[What is being asked]:
Your answer must be the line containing "The Short Novels" and each following line to the end of the listing below, copied exactly, with pictures removed and nothing added.

[Given data]:
☆ ☆ ☆ ☆

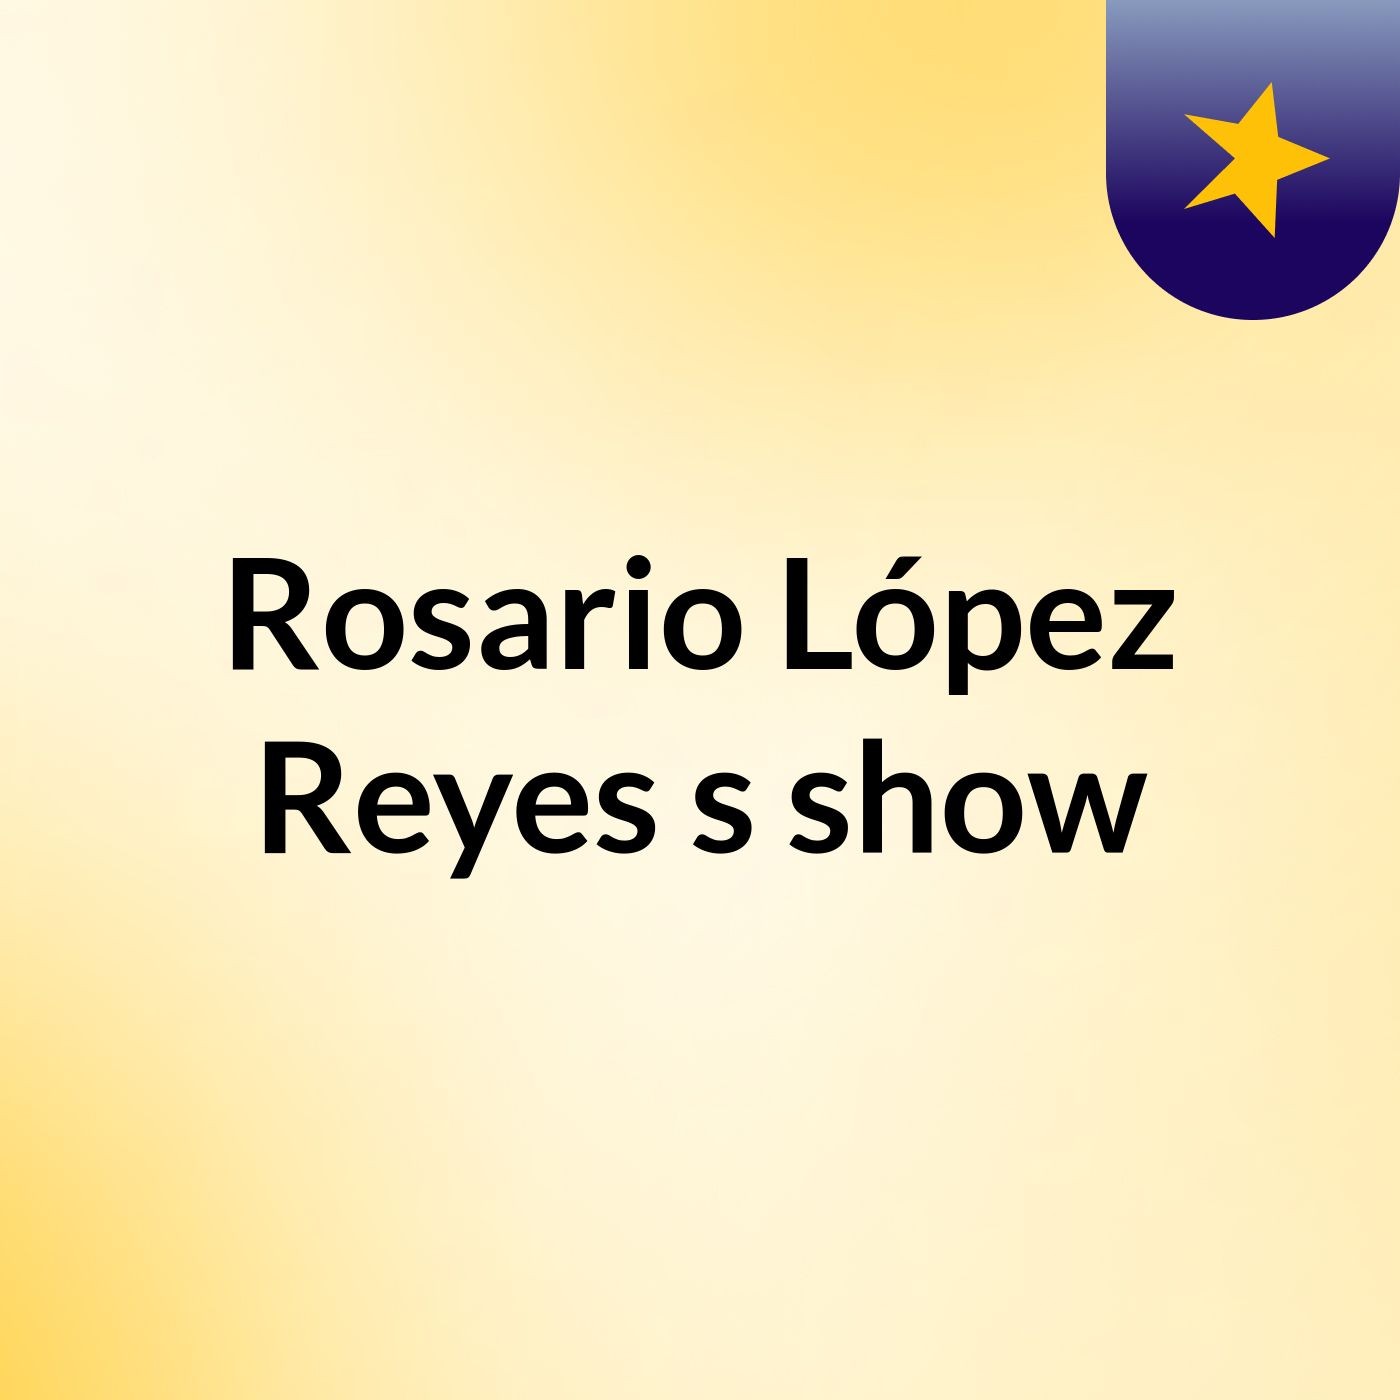 Episodio 4 - Rosario López Reyes's show
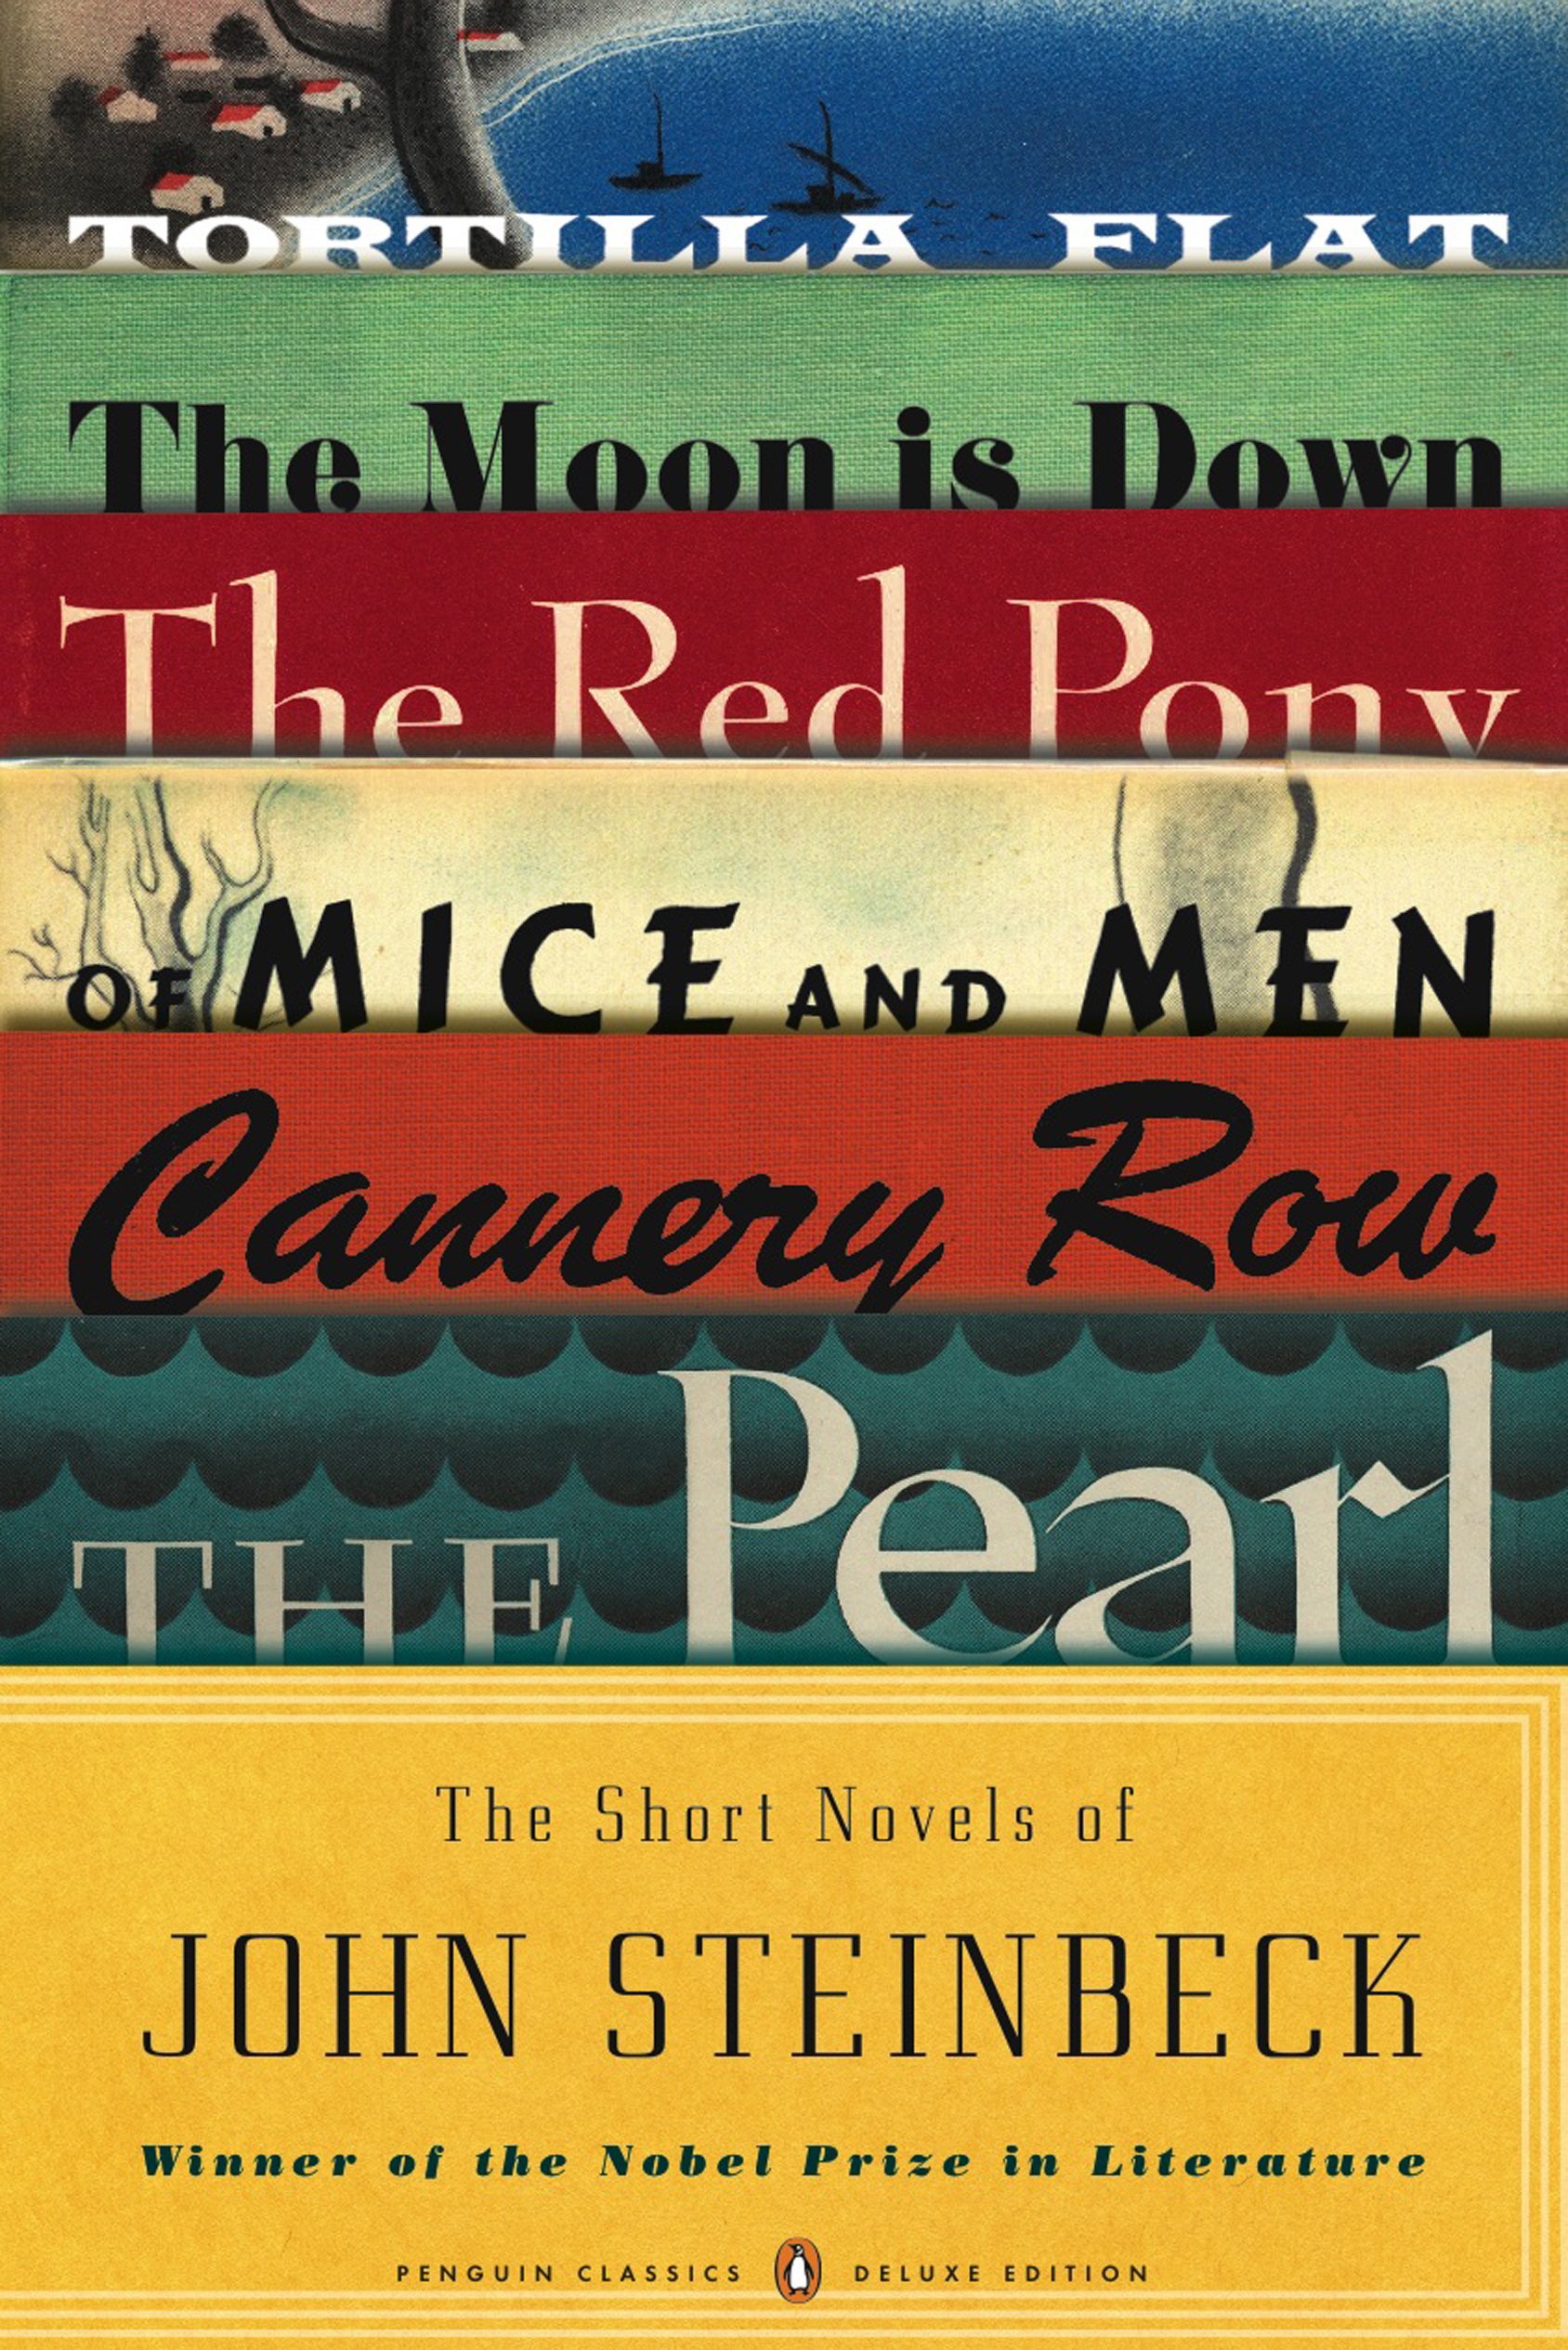 The Short Novels of John Steinbeck: (Penguin Classics Deluxe Edition) (eBook) by John Steinbeck $1.99
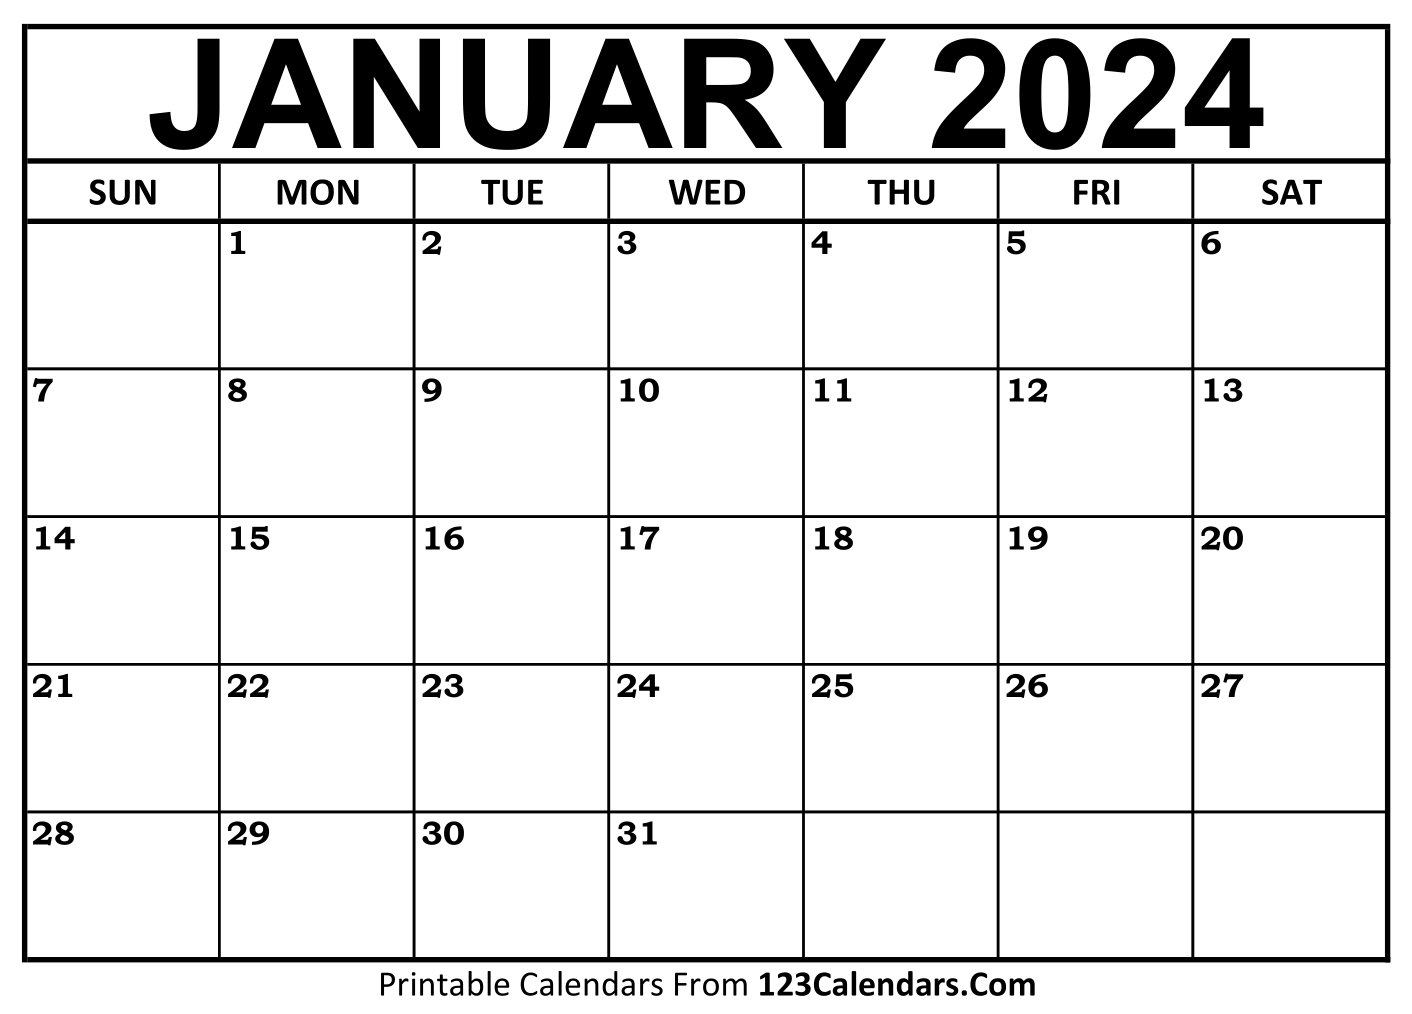 Printable January 2024 Calendar Templates - 123Calendars | Year 2024 January Calendar

☆ ☆ ☆ ☆

[Result of this exercise]:
 The Short Novels of John Steinbeck: (Penguin Classics Deluxe Edition) (eBook) by John Steinbeck $1.99
 Printable January 2024 Calendar Templates - 123Calendars | Year 2024 January Calendar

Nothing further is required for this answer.